Possible bug when fetching prices in Python with Timestamp

Hi,
When using the get_prices function in Python, there seems to be a bug if you use pd.Timestamp to specify a start date.

If i use CLI to get prices for NVDA (FIBBG000BBJQV0) from 2020-09-03 until 2020-10-02, the price in the first row (2020-09-03) is correct (134.9609).

$ quantrocket history get usstock-1d -s 2020-09-30 -e 2020-10-02 -i
 FIBBG000BBJQV0 -f Close

Sid,Date,Close
FIBBG000BBJQV0,2020-09-30,134.9609
FIBBG000BBJQV0,2020-10-01,135.7987
FIBBG000BBJQV0,2020-10-02,130.2903

But when i use get_prices function in Python by specifying start_date with pandas Timestamp, the price in the first row (2020-09-03) is incorrect (541.2200)

from quantrocket import get_prices

get_prices('usstock-1d', sids='FIBBG000BBJQV0', start_date=pd.Timestamp(2020, 9, 30), end_date=pd.Timestamp(2020, 10, 2), fields=['Close'])
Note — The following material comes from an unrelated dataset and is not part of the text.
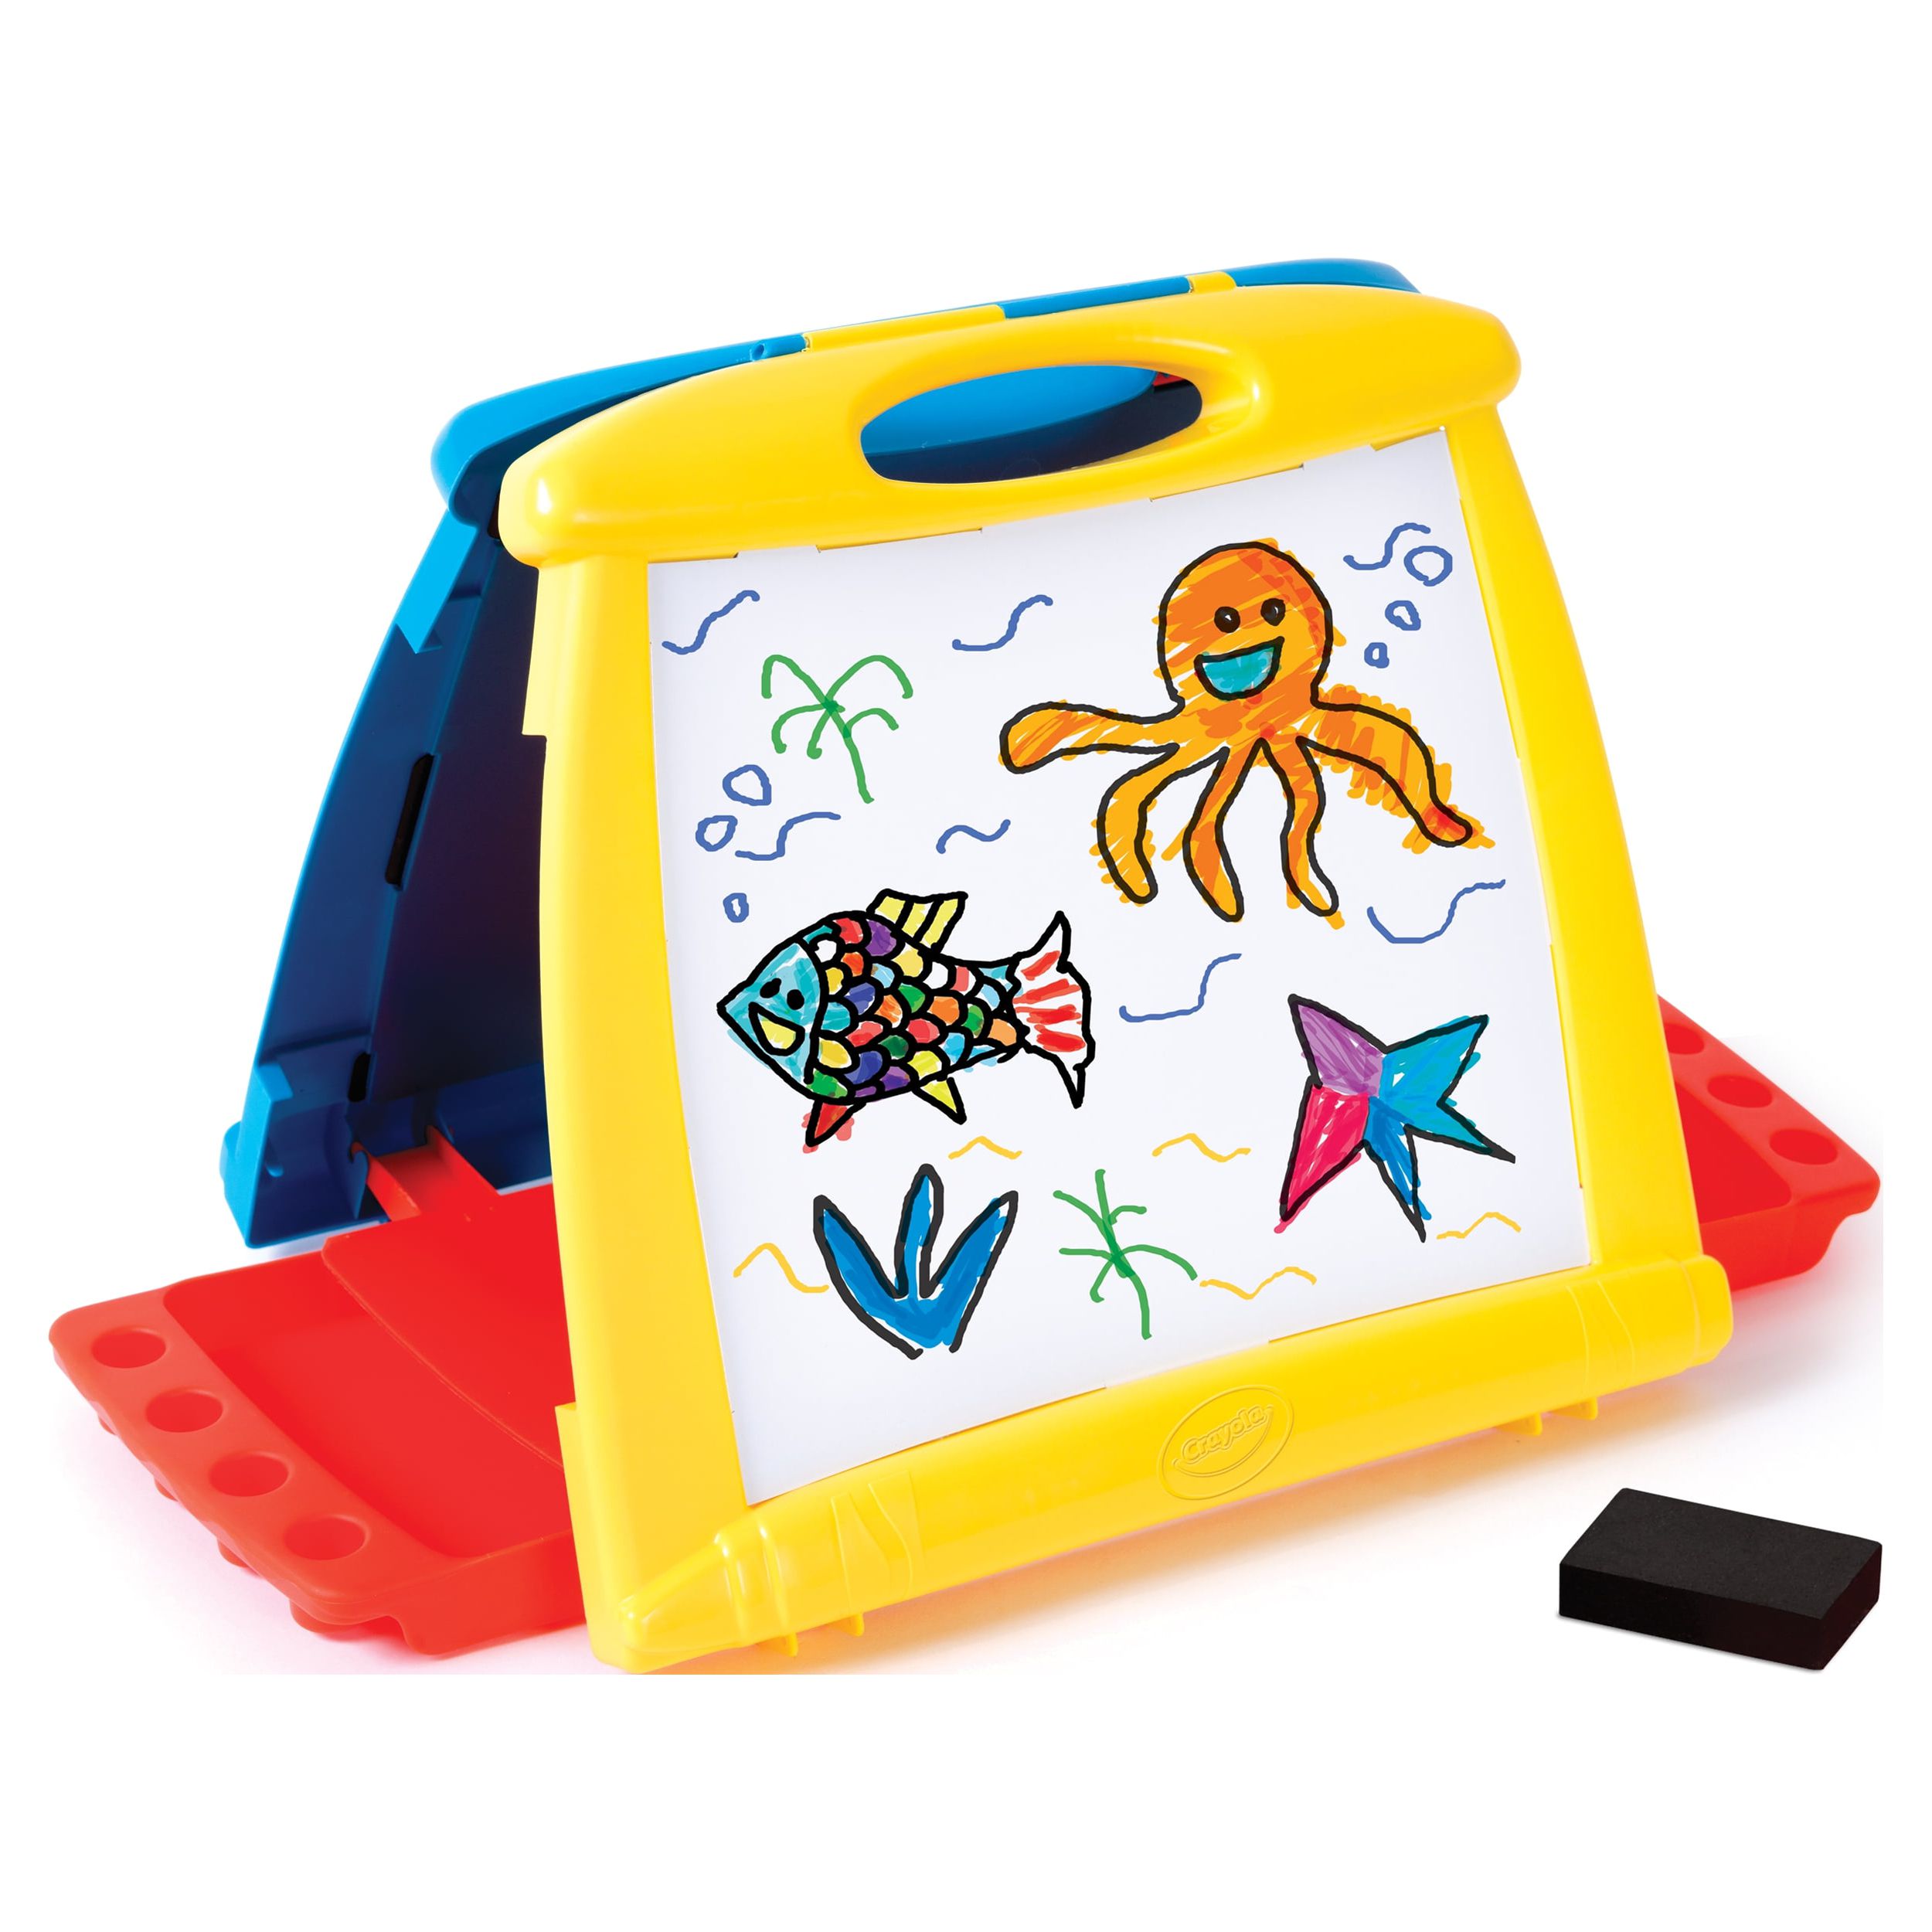 Crayola Art-to-Go 12.3"  Plastic Table Easel with Storage Trays - image 1 of 8

Sid               FIBBG000BBJQV0
Field Date                      
Close 2020-09-30        541.2200
      2020-10-01        135.7987
      2020-10-02        130.2903

If i use string to specify start_date, the price in the first row (2020-09-03) is correct (134.9609).

from quantrocket import get_prices

get_prices('usstock-1d', sids='FIBBG000BBJQV0', start_date='2020-09-30', end_date
=pd.Timestamp(2020, 10, 2), fields=['Close'])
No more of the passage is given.